# Reset carte mere ?



## Carbonized (24 Mai 2002)

estce dangereux de faire un reset de la carte mere ?
J ai un prob apparemment entre ma carte graphique et la rom de mon DP800.
J ai tout essaye, mais cette maudite carte (radeon 8500) me fusille le systeme audio interne de mon mac (alors ke je n ai pas de prob lorseke je la met sur un G4 400).
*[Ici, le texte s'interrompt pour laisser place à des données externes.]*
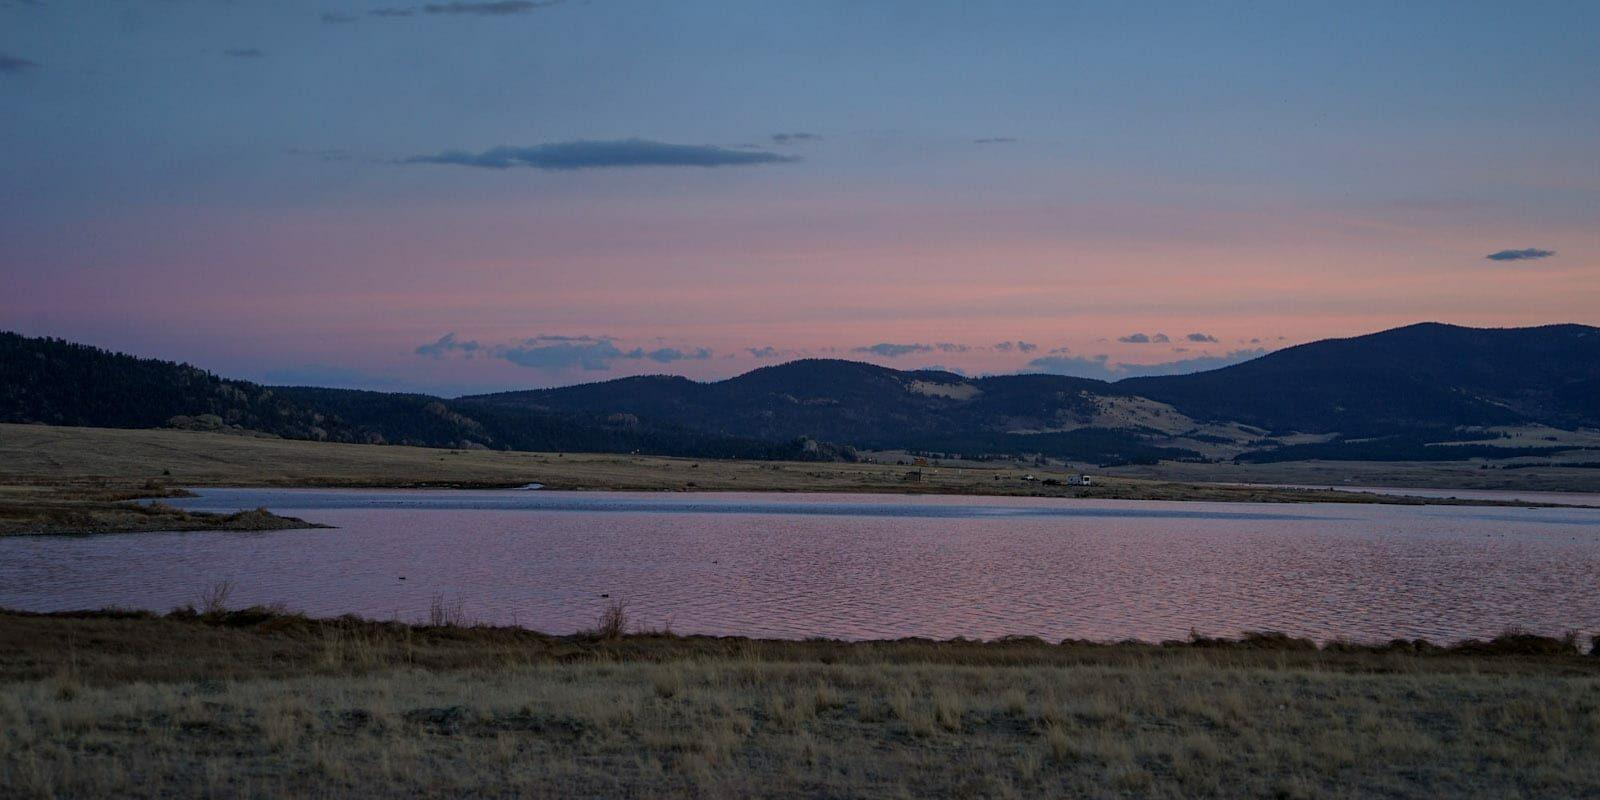 Camping Eleven Mile Reservoir Sunset Lake George CO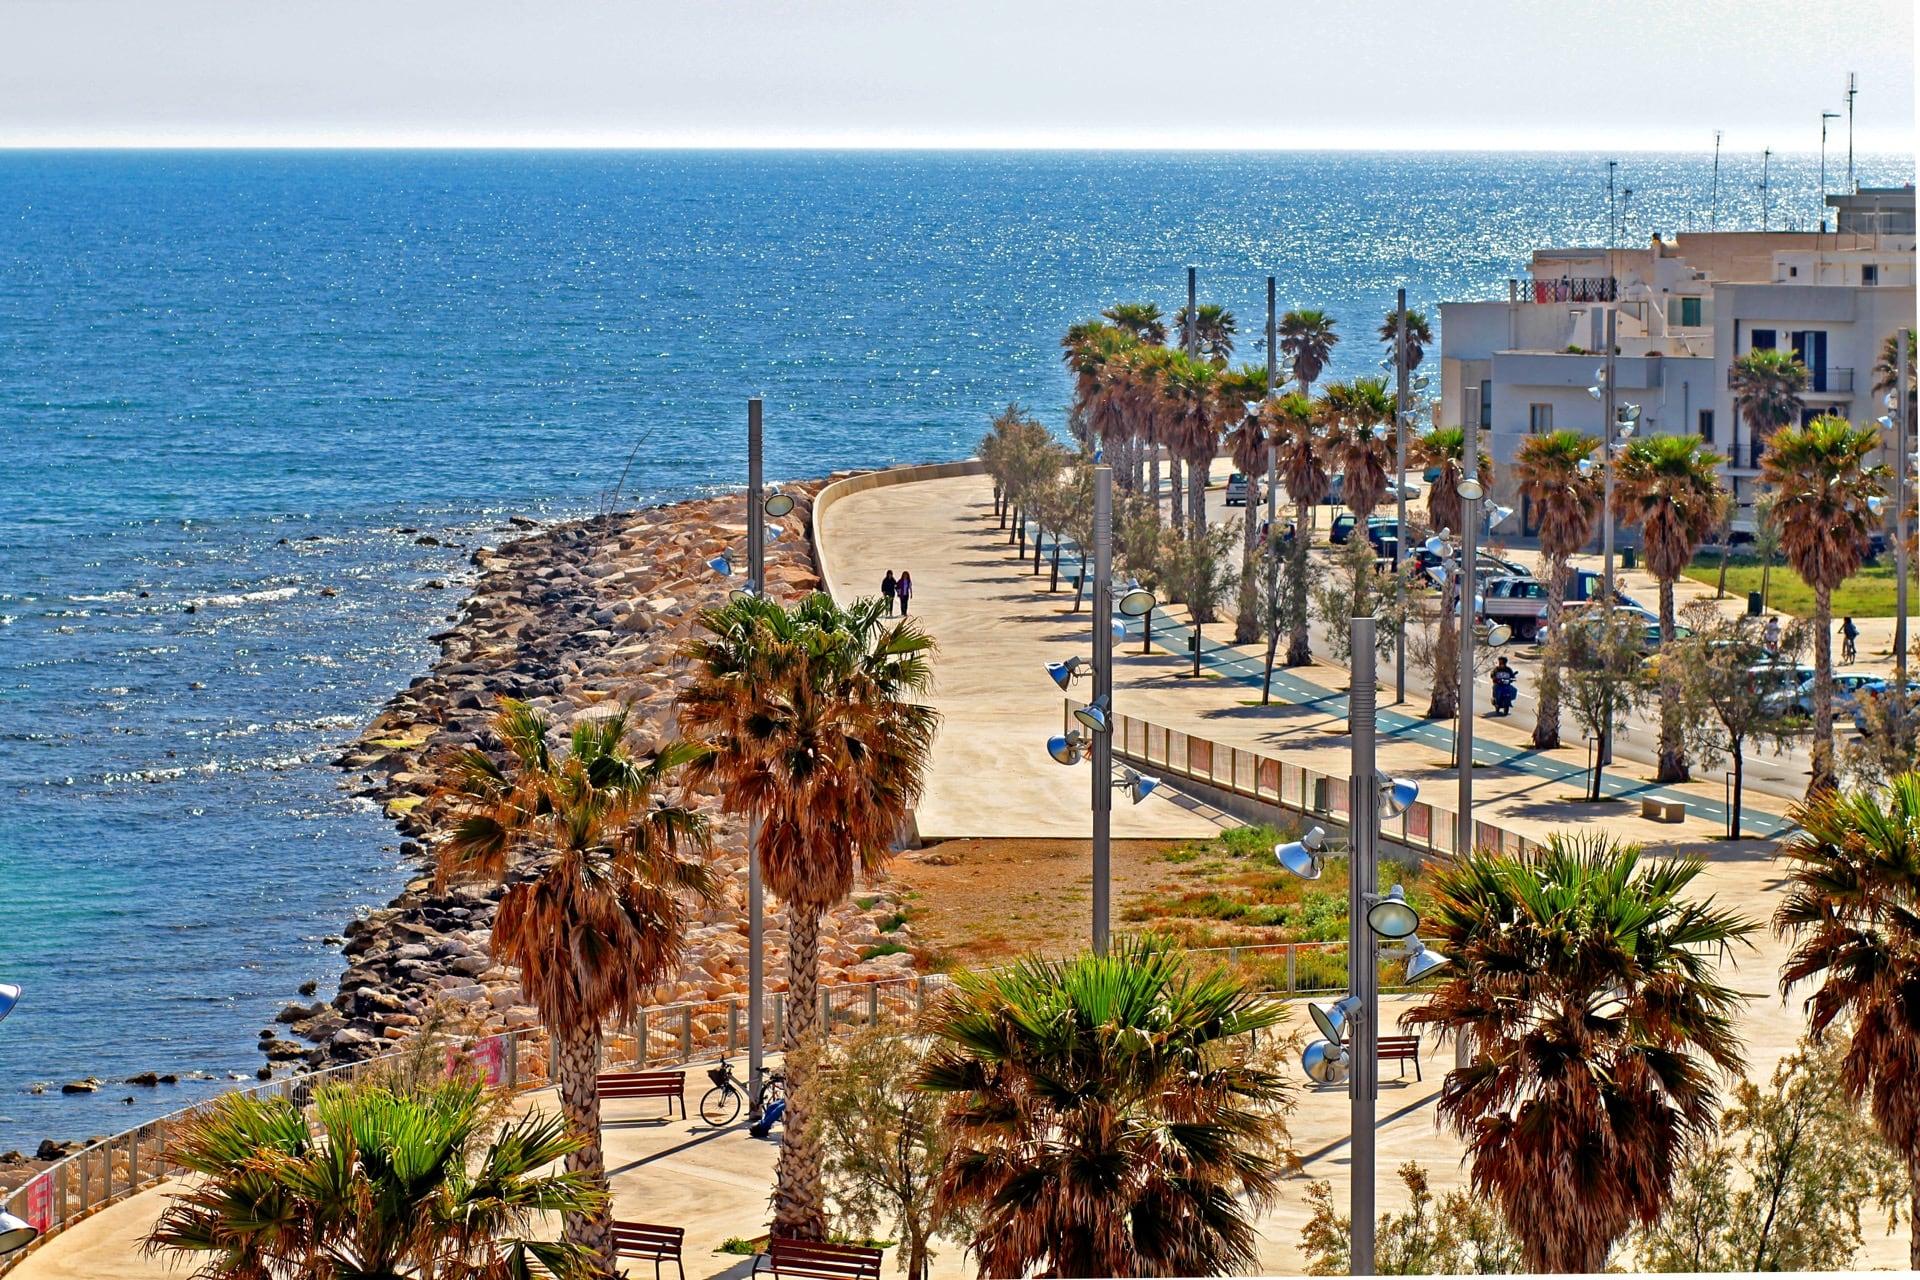 Shopping-&-Drink-Visit-Mola-di-Bari-Puglia

Est ce ke je risque quelque chose a faire le reset ?
Dois-je enlever aussi la pile pendant le reset ?


----------



## albin (24 Mai 2002)

si je me sousviens bien le reset de la carte mére et un gros zappage de pram donc tu peut le faire sans probléme pour cela oui il faut enlevée la pile de la carte mére et aussi le cordon secteur. Et une fois que tu redémare pense a reméttre à l'heure ton mac.
Ton probléme peut venir aussi du driver qui est incompatible avec la ROM donc dans ce cas c'est ou une mise a jour de driver ou de la ROM
bonne chance.
a+


----------



## iBen (27 Mai 2002)

je suis pas certain de l'efficacité mais pour un reset, une pression sur le bouton situé sur la carte mère ne provoque rien d'irréversible  
	

	
	
		
		

		
			





Je l'ai fait une fois avec la pile en place mais l'alim débranchée.


----------



## Bernard53 (27 Mai 2002)

Personnellement j'irais faire un tour sur la base de données d'Apple en utilisant *reset* comme mot-clé. Il y a 23 références dont une ou deux devrait être intéressante.

Salutations.


----------



## Carbonized (28 Mai 2002)

oki, merci, j irais voir chez apple.

Par contre j ai effetue le reset, mais ca na rien changer a mon probleme.....

Chez ATI, on me dit de rendre la carte, et chez mon revendeur, ils refusent de la reprendre car elle fonctionne correctement sur un G4 400 (sur lequel j ai essaye), et pensent ke c un prob logiciel (alors ke le prob et le mm sous os9 et X, et j ai mm installe un nvx system sur mon DD firewire, mais rien n y fait).

En attendant, ma carte est retournee ds sa boite....


----------



## 800007 (28 Mai 2002)

Merci mille fois pour ce post car j'avais un prob (post: g4 466 mort? Heeeeeeeeeeeeeelp) et le fait de faire un reset m'a sauvé.

MERCI.

En espèrant que ton prob se résoudra


----------